American swimmer (born 1946)

Philip Riker III (born September 16, 1946) is an American former competition swimmer for the University of North Carolina, and a 1964 U.S. Olympic competitor in the 200-meter butterfly.

==Early education and swimming==
A native of Paterson, New Jersey, Riker learned to swim around the age of three, and soon began attending meets in AAU competition. He started as a freestyler, then competed in backstroke and by thirteen began to compete in his signature stroke, the butterfly. Some of his early swimming took place at the Paterson YMCA. By 14, he was an age group national champion in the 100-meter butterfly. Riker swam for Paterson's Eastside High School, where he served as captain. During his high school years, he received instruction by Hall of Fame Rutgers Coach Frank Elm, another native of Paterson, who had coached at the Paterson YMCA.

===State records at Eastside High===
Helping his Eastside High School team place second overall, his winning times in the New Jersey State Interscholastic Athletic Association championships at Princeton University on March 2, 1962, were 56 seconds flat in the 100-yard butterfly, and 4:19.2 in the 400-yard freestyle. Both swims were state records. In February 1964, cutting his former time, Riker set a 100-yard butterfly meet record of 54.4 at the E.I.S. High School competition, placing first in the event. He would continue to cut his 100-yard butterfly times as a High School upperclassman.

===Prep school record, Lawrenceville School===
Later attending the Lawrenceville School, around his junior and senior years, he was an All America Prep School swimmer, and again served as team captain for their highly competitive swim program under Coach Phil Pratt, who served as Prep School Chairman for the National Interscholastic Swimming Coaches Association. In 1963, Riker broke the Prep School record for the 100-yard butterfly at the Lawrenceville School with a time which he cut to 52.5. Riker also set a Prep School record in the 400-yard freestyle relay with a team time of 3:26.3 while at the Lawrenceville School.

==1964 Tokyo Olympics==
Riker represented the United States as an 18-year-old at the October, 1964 Summer Olympics in Tokyo. He competed in the men's 200-meter butterfly, and finished fourth overall in the event final with a time of 2:11.0. Riker finished 4.4 seconds behind Gold medal winner Kevin Barry of Australia, and 1.7 seconds behind Fred Schmidt, the American bronze medal winner who had initially led the competition before fading. Carl Robie, the silver medalist was an occasional swim rival for Riker at international competitions.
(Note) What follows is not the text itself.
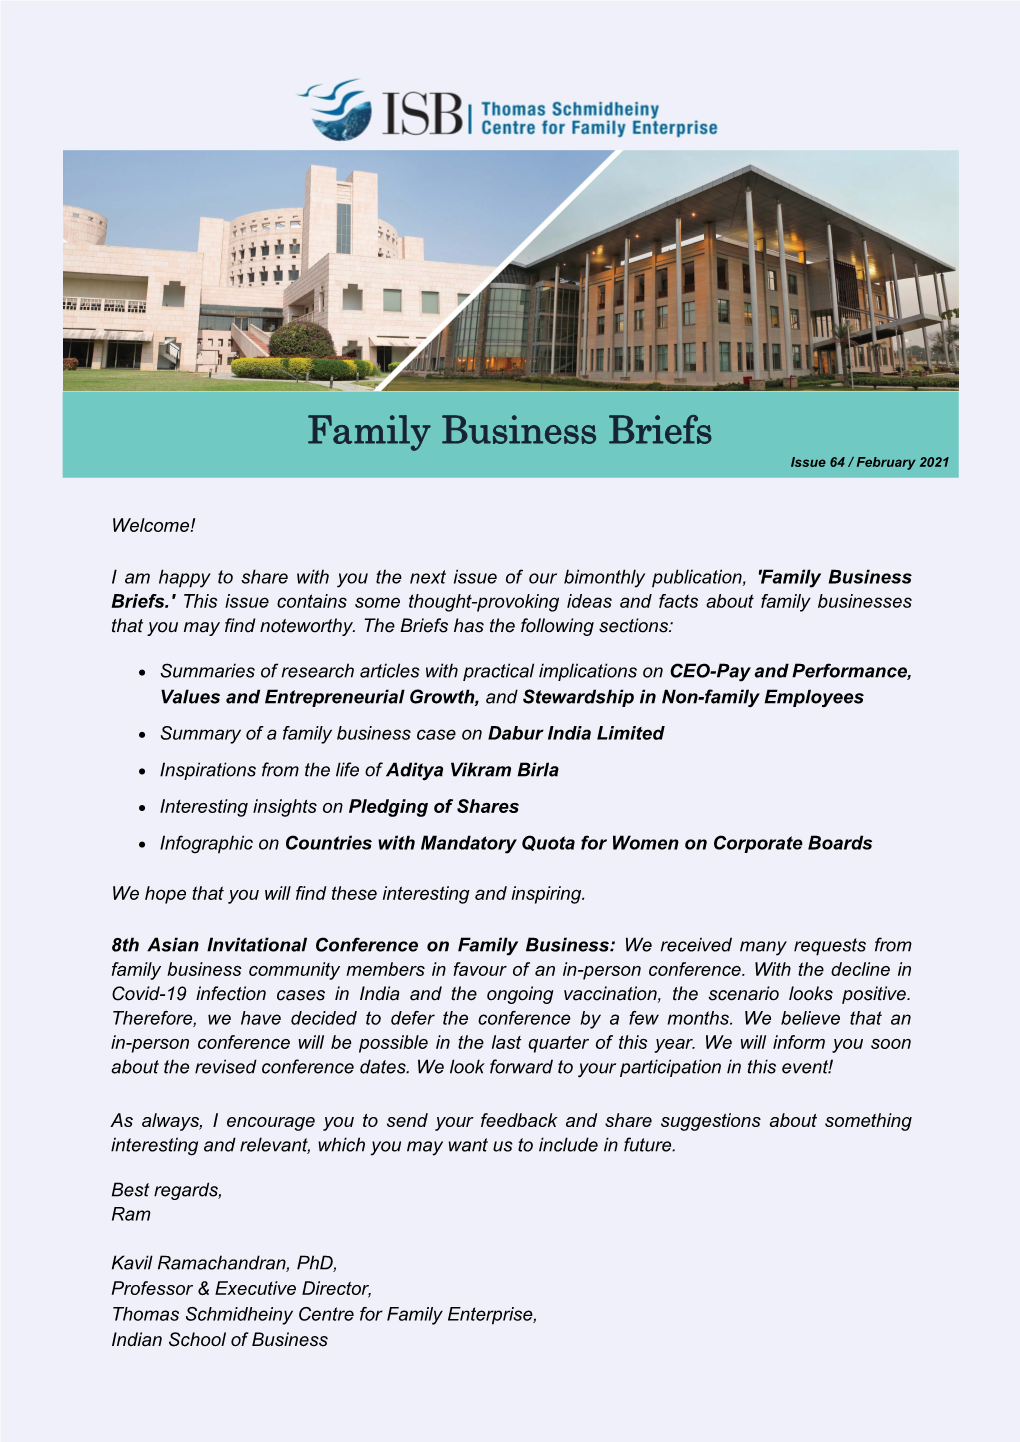 Family Business Briefs Issue 64 / February 2021

Riker also spent some time swimming for Coach Bob Alexander who was the Head Coach for the U.S National swim team in 1965 when Riker was a member. Alexander also coached the New Jersey Athletic Association's (NJAA) swim team in Montclair, New Jersey. Alexander had trained several of Riker's 1964 Olympic swimming team mates including Jed Graef, Thompson Mann, and Patience Sherman, primarily with his NJAA team.
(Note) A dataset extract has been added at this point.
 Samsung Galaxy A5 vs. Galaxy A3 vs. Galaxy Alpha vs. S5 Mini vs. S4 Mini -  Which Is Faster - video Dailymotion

==North Carolina swimming==
After graduating Lawrenceville School, he attended the University of North Carolina at Chapel Hill, where he swam for Coach Pat Earey, with the North Carolina Tar Heels swimming and diving team in National Collegiate Athletic Association (NCAA) competition from 1965 to 1968. Riker won the NCAA National Championship in the 100 meter Butterfly in April 1966, with a time of 51.1 seconds, though he had done the event in 51 flat. He began his studies at North Carolina around February 1965, starting a semester late after his Olympic experience. During his college years, he was a first-team All-America six times in the 100 and 200 fly, the 4x100 medley relay and the 4x200 free relay from 1965 through 68. As noted, in his Sophomore year, Riker won the 100-yard butterfly at the Atlantic Coast Conference Championships in February 1966, with a time of 52.6 seconds, helping his University of North Carolina team win the Championships.
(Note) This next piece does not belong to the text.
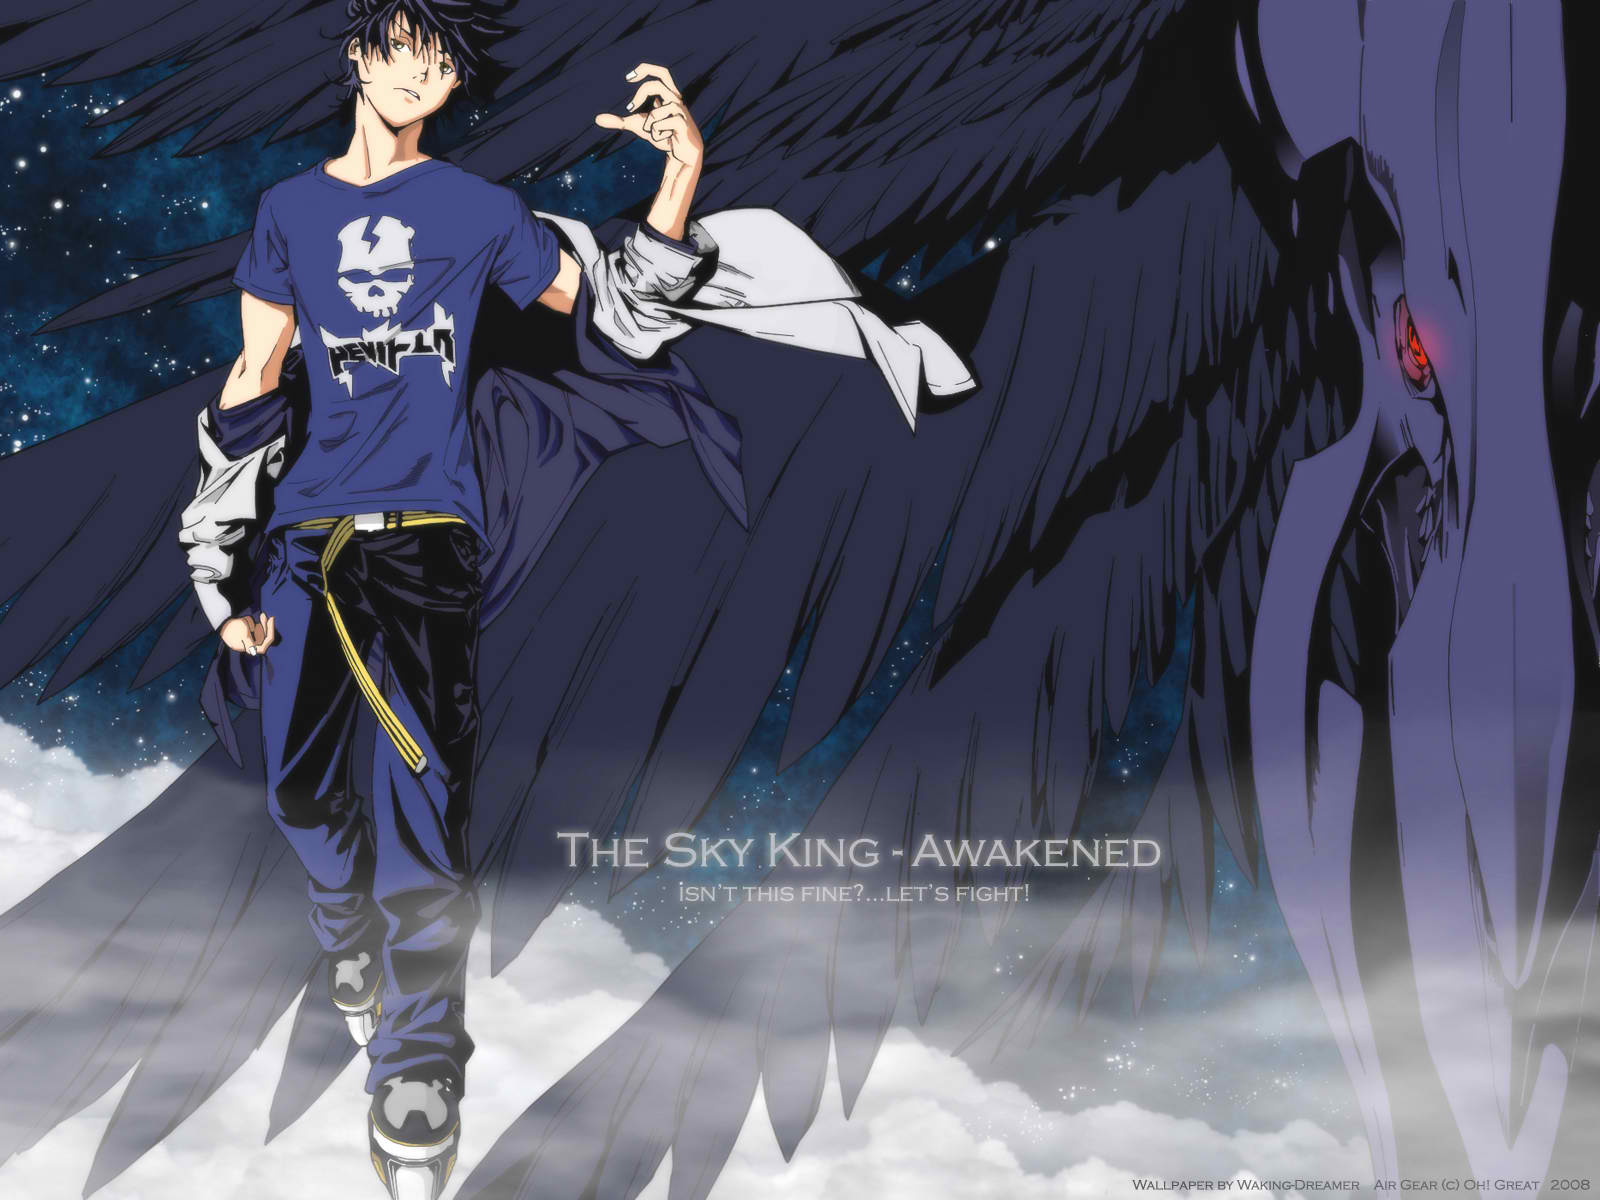 Anime-inspired character, Sky King from Air Gear, graces this captivating desktop wallpaper.

In July 1967, Riker won the 100-meter butterfly and placed second in the 200-meter butterfly at the Eastern U.S. Championships in Lancaster, Pennsylvania. He was coached that year by Hall of Fame Rutgers swimming coach Frank Elm in Plainfield, New Jersey. By February 1976, Riker was the Atlantic Coast Conference Champion in the 100 and 200-yard butterfly, as well as the Eastern NCAA champion in the same events.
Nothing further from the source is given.